◆ **TASK DIRECTIONS**: Nothing is needed except the lines below that run from the one with "Bottle shot of 2011 Chianti Classico" through the one with "Elongated Cushion Cut", repeated exactly.

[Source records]
*** Begin section ***
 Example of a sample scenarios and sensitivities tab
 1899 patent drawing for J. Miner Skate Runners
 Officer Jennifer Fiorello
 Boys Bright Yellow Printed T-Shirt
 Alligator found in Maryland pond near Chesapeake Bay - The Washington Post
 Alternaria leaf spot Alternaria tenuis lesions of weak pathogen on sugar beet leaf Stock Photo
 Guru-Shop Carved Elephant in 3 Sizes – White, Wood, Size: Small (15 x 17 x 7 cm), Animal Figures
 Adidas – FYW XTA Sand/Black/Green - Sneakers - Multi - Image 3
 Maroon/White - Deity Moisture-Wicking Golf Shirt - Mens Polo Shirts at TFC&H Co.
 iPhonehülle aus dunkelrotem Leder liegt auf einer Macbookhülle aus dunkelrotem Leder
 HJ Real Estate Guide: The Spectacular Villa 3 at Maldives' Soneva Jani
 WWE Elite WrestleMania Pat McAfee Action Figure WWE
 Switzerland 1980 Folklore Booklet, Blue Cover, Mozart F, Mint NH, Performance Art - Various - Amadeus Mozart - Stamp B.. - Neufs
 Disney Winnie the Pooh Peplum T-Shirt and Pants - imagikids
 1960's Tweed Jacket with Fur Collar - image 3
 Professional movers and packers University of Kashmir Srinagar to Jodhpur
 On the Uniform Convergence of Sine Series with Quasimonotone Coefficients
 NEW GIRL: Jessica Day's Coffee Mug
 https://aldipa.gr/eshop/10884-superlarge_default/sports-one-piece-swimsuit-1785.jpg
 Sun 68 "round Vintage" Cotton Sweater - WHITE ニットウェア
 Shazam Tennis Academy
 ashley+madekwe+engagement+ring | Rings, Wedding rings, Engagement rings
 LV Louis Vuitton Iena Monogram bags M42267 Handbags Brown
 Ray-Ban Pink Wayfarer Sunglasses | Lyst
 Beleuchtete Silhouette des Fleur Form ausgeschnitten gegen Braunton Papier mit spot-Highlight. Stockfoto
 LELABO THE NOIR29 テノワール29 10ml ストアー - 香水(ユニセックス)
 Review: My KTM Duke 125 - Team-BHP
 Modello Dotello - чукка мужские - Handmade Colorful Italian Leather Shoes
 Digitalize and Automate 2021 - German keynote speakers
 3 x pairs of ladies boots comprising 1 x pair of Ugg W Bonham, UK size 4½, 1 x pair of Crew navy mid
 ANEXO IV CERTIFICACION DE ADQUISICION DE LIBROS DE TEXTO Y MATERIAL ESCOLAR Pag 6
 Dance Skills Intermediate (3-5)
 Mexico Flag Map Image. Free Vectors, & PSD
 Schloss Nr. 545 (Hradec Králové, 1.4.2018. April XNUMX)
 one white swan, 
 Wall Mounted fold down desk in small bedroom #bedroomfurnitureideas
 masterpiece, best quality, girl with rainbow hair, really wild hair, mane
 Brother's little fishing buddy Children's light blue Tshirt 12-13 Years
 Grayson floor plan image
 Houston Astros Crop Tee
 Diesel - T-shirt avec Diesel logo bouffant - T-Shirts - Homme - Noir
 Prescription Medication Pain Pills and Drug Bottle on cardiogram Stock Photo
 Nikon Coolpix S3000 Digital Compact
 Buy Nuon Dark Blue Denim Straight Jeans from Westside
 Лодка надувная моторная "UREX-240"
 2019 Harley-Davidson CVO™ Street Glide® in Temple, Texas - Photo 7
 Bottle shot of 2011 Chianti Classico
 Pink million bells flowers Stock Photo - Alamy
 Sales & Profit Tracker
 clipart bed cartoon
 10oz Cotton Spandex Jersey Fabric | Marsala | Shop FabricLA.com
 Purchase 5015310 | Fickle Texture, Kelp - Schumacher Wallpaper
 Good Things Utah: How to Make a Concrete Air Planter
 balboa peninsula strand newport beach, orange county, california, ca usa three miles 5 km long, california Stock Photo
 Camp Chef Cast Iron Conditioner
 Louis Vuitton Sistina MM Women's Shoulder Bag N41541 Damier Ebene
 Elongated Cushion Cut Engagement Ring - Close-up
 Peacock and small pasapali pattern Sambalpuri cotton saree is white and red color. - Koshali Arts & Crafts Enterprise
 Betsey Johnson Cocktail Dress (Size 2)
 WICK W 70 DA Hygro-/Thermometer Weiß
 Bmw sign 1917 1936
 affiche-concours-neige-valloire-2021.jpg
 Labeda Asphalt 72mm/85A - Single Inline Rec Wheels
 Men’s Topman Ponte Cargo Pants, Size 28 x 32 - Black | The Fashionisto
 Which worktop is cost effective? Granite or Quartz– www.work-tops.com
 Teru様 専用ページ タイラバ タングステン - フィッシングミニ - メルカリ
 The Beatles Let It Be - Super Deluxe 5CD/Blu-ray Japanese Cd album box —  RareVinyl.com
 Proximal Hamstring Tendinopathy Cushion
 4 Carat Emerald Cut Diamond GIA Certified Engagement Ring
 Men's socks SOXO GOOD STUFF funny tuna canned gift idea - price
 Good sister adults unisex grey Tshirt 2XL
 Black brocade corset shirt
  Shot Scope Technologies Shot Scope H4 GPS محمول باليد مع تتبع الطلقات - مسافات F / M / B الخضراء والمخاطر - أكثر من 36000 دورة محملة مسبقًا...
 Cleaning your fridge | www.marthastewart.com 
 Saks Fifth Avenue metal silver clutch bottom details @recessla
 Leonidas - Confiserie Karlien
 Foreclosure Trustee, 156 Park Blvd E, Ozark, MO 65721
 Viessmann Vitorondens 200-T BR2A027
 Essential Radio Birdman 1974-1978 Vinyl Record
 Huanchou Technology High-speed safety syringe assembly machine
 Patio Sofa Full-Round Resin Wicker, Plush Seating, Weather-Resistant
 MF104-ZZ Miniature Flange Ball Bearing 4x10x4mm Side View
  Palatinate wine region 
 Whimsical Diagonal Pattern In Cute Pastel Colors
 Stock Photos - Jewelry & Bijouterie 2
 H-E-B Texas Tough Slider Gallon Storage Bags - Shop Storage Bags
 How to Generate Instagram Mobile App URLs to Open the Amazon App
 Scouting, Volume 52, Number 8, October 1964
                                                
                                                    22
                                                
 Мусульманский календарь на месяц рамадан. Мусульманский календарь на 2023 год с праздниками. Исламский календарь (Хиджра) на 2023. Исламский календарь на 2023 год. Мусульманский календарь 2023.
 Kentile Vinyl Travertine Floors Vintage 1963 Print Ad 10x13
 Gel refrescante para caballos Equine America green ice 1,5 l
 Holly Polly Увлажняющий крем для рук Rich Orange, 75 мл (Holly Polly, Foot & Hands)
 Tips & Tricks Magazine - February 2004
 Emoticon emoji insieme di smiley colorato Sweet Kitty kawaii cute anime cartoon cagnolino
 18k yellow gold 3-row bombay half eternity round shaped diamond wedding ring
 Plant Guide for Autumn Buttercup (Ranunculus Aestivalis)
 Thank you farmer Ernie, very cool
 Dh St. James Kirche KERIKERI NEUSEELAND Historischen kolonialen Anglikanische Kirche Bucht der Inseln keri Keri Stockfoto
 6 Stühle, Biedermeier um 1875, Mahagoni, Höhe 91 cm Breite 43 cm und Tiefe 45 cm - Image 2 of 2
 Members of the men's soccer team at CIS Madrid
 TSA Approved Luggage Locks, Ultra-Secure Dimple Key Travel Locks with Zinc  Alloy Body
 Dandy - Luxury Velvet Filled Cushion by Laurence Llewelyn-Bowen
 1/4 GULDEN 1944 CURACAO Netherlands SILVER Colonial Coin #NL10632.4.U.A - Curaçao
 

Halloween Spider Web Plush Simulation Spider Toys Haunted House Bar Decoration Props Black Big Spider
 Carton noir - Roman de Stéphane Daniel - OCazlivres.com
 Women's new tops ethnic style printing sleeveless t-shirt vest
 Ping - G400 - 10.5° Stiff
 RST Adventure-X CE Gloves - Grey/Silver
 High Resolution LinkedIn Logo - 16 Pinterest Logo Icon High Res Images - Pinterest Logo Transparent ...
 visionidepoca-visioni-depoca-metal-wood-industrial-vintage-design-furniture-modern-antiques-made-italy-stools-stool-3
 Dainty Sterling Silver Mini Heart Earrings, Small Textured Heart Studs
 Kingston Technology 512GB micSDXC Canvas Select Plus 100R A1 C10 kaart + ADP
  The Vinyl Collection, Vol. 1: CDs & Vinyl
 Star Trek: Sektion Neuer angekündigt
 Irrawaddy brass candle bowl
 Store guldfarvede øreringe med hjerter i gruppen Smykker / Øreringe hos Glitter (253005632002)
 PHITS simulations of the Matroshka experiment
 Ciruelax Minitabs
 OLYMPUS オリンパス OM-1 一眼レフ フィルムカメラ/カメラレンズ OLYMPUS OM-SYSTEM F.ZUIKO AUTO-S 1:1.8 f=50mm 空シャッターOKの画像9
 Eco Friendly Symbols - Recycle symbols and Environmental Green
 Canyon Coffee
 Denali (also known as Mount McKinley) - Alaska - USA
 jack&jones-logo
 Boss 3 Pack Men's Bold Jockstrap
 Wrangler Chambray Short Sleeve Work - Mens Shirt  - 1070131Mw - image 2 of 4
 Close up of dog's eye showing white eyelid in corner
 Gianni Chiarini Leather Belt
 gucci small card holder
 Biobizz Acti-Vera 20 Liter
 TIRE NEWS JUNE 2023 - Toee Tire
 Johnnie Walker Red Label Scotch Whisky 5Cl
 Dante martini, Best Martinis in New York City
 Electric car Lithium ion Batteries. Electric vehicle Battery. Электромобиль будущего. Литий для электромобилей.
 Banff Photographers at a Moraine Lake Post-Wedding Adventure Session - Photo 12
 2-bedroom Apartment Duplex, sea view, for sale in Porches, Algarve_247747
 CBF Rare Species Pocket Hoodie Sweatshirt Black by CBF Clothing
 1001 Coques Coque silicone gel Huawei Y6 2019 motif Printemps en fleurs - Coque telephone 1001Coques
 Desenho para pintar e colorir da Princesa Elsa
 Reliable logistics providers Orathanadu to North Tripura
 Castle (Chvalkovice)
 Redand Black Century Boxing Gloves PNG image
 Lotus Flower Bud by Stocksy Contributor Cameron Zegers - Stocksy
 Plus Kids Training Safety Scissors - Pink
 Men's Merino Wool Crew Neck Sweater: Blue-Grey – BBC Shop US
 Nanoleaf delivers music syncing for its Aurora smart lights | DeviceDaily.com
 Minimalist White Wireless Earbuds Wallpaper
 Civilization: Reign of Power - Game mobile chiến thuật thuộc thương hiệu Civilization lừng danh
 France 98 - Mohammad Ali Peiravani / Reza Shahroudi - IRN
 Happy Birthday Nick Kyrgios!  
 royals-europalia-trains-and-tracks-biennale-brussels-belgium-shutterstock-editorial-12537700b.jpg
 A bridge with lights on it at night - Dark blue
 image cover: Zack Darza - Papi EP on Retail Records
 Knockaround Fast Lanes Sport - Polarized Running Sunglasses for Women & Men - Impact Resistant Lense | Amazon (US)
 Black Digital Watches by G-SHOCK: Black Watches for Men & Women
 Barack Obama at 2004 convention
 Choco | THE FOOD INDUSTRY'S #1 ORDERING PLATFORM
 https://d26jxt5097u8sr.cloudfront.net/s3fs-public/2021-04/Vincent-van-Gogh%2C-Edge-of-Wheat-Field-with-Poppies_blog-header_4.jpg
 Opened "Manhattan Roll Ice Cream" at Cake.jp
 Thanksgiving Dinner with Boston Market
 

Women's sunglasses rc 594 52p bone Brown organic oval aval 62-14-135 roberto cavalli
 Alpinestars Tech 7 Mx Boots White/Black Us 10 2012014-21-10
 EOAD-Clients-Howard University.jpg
*** End section ***
◆ **SOLUTION TO THE PROBLEM**:
 Bottle shot of 2011 Chianti Classico
 Pink million bells flowers Stock Photo - Alamy
 Sales & Profit Tracker
 clipart bed cartoon
 10oz Cotton Spandex Jersey Fabric | Marsala | Shop FabricLA.com
 Purchase 5015310 | Fickle Texture, Kelp - Schumacher Wallpaper
 Good Things Utah: How to Make a Concrete Air Planter
 balboa peninsula strand newport beach, orange county, california, ca usa three miles 5 km long, california Stock Photo
 Camp Chef Cast Iron Conditioner
 Louis Vuitton Sistina MM Women's Shoulder Bag N41541 Damier Ebene
 Elongated Cushion Cut Engagement Ring - Close-up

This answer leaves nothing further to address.